▶ BRIEF
Please transcribe exactly the lines from the line holding "Karl Chiao, the" through the end of the data below, and skip any pictures.

▶ DATA
Segment Open

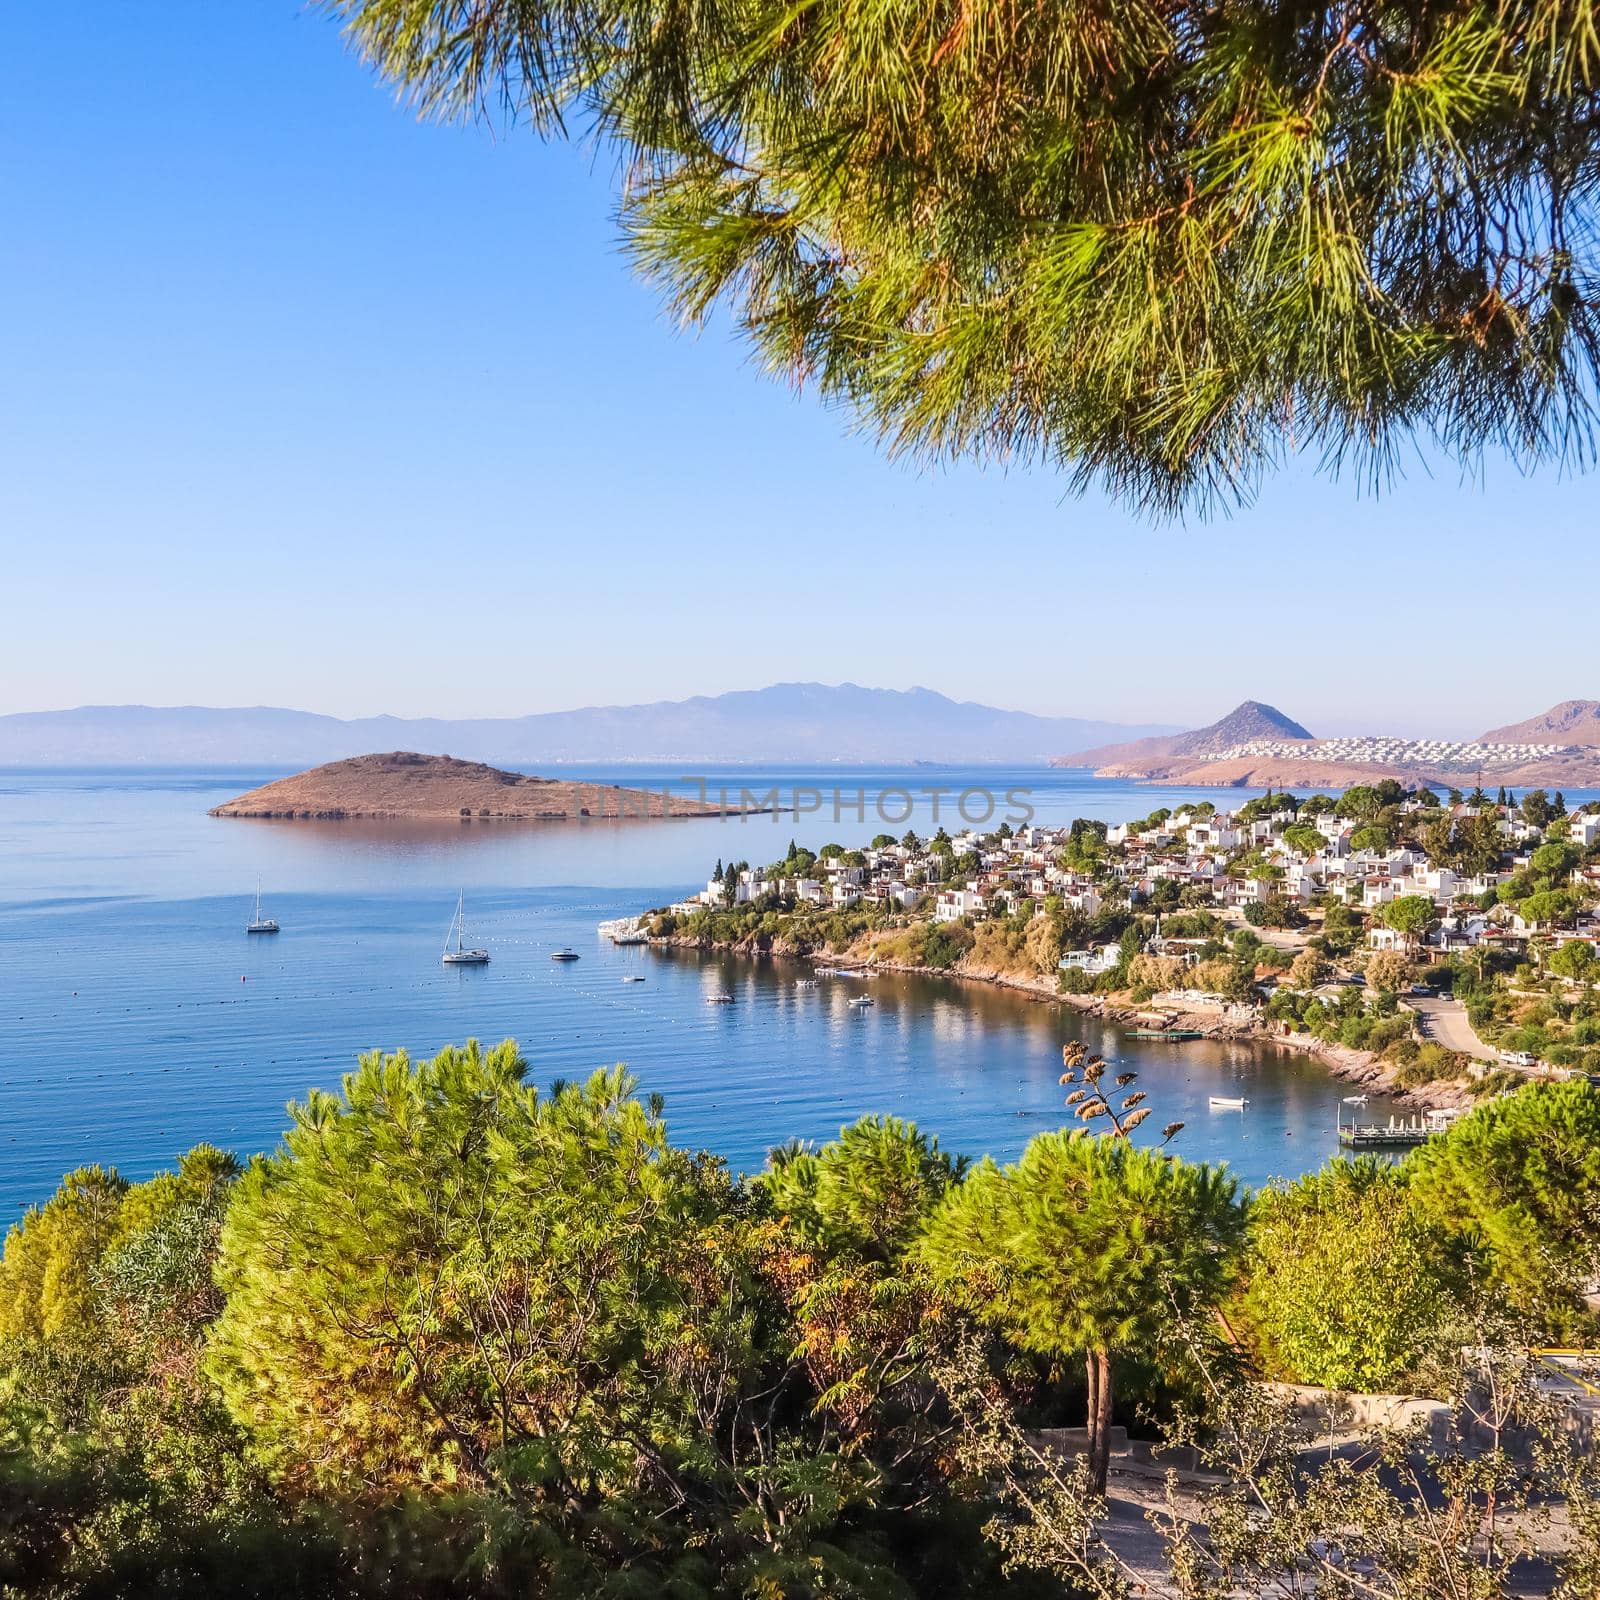 Aegean coast with marvelous blue water, rich nature, islands, mountains and small white houses by Olayola
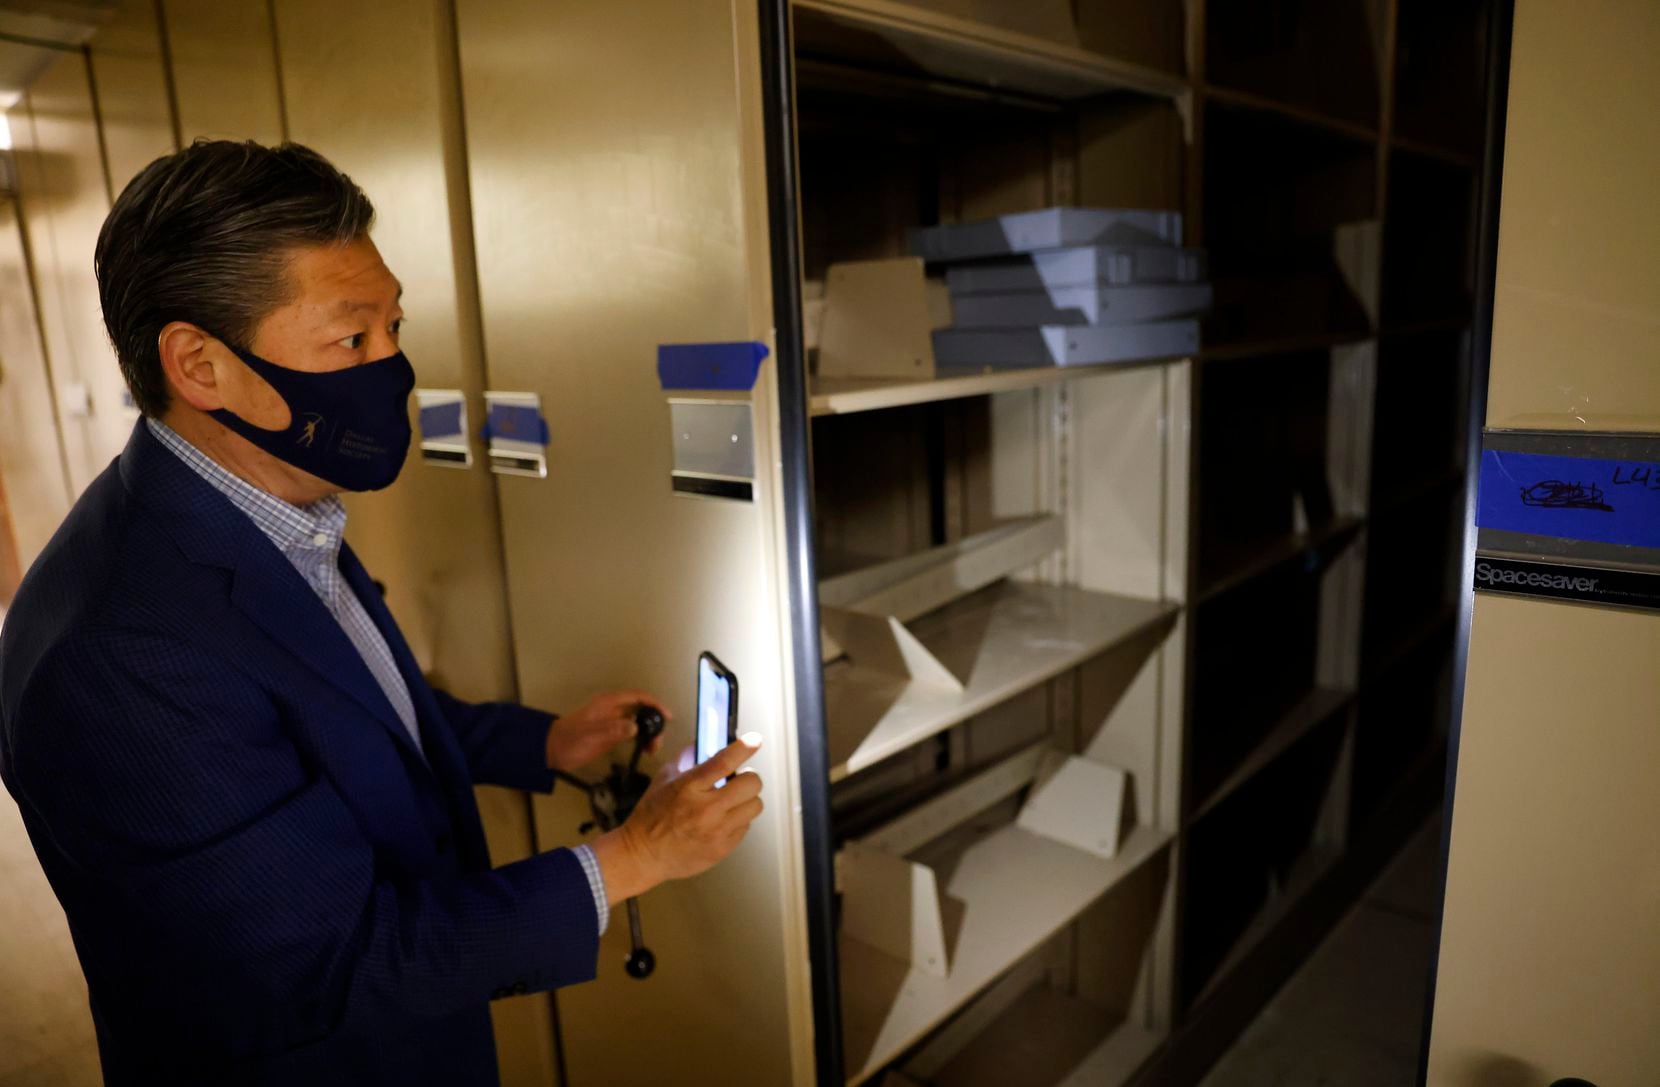 Karl Chiao, the executive director of the Dallas Historical Society, tours the archive room...
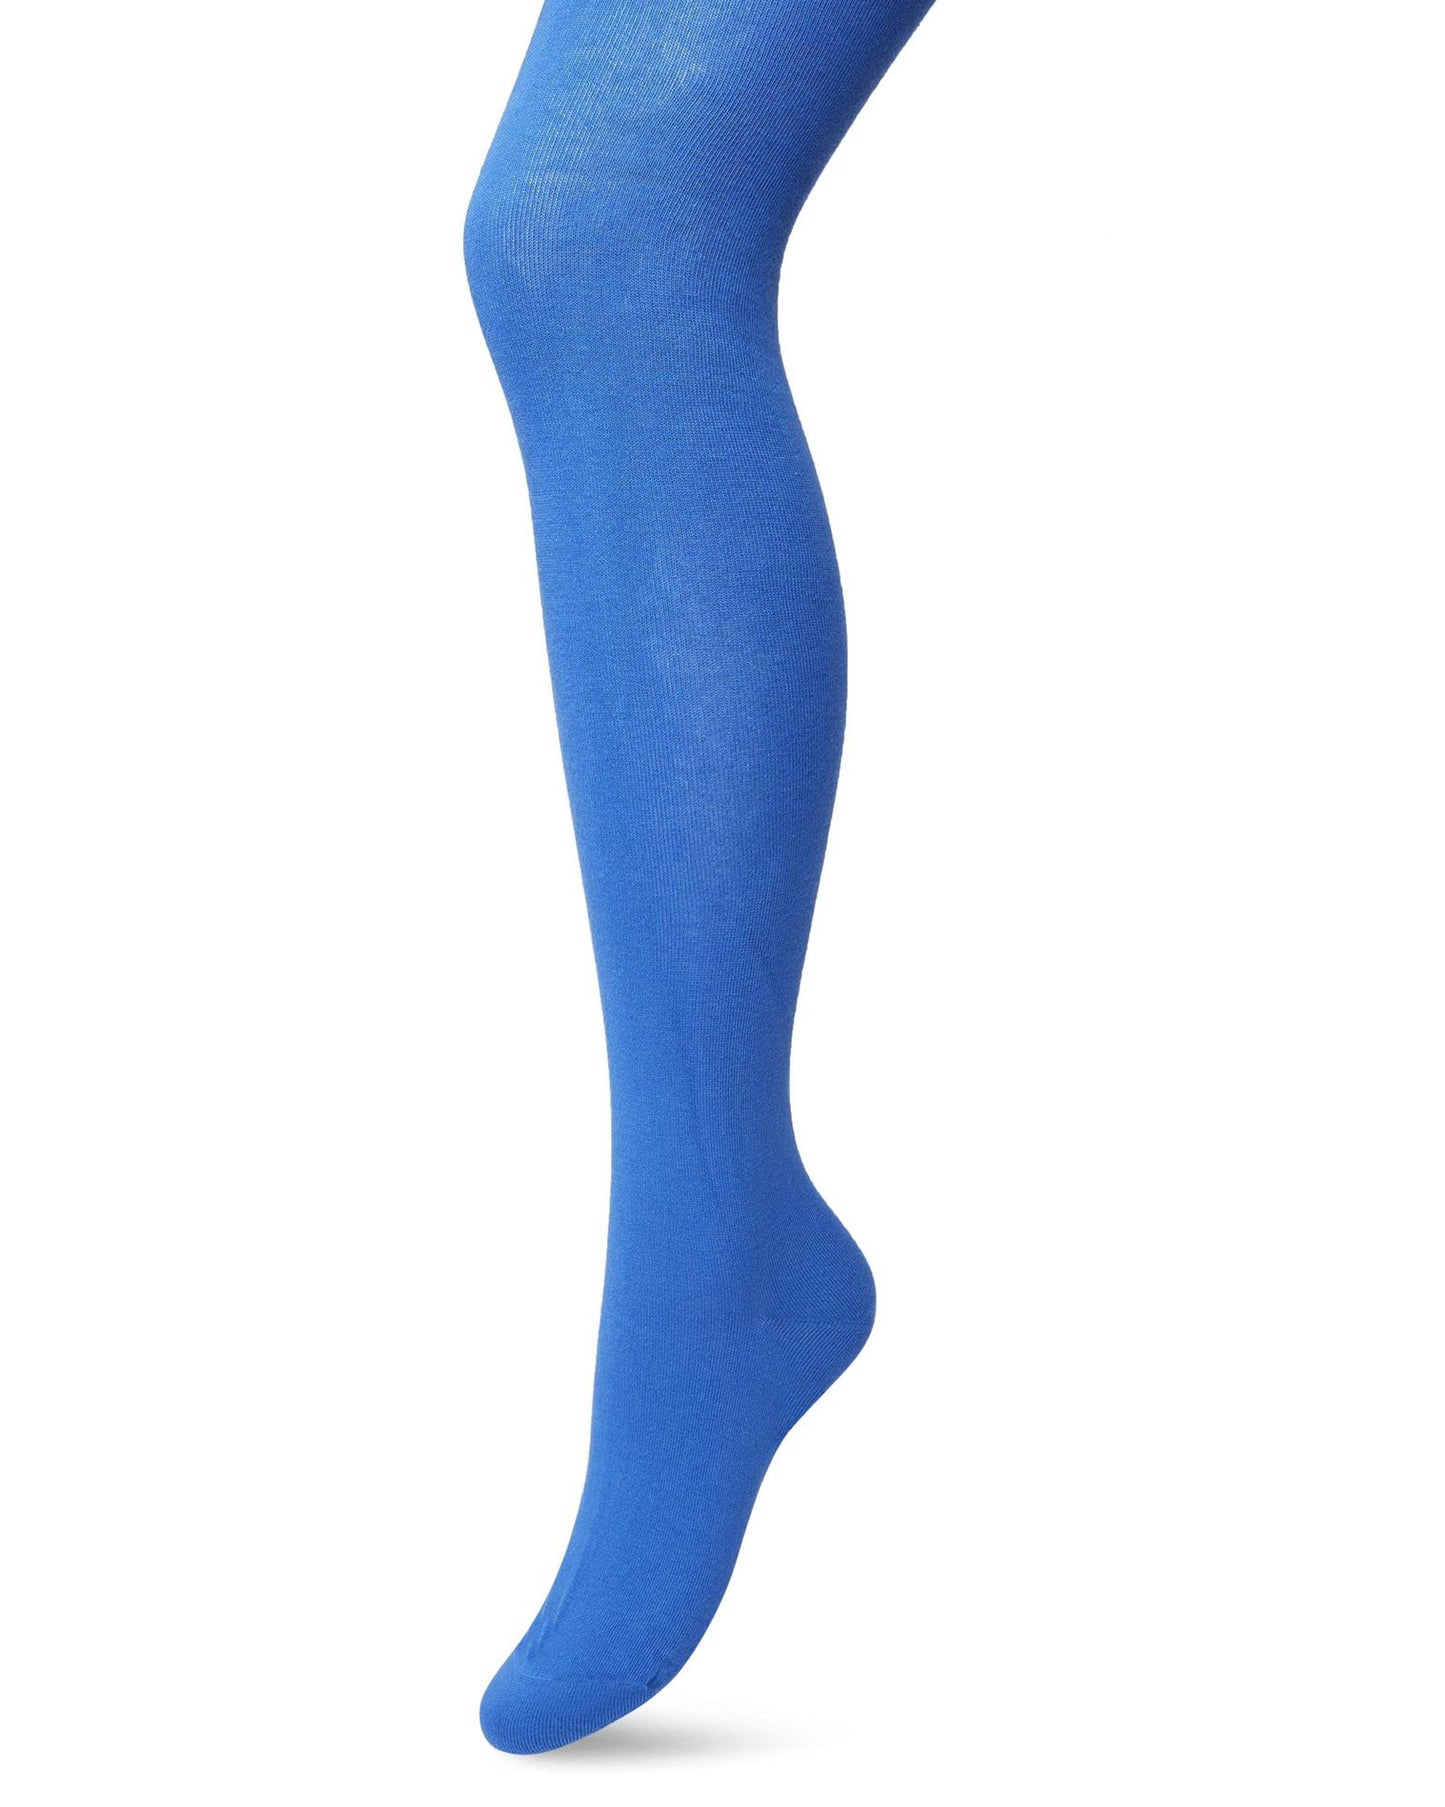 Bonnie Doon Bio Cotton Tights - Bright electric royal blue (strong blue) warm and soft knitted organic cotton Winter thermal tights.

Segment Closed

▶ RESULT
 Karl Chiao, the executive director of the Dallas Historical Society, tours the archive room...
 Bonnie Doon Bio Cotton Tights - Bright electric royal blue (strong blue) warm and soft knitted organic cotton Winter thermal tights.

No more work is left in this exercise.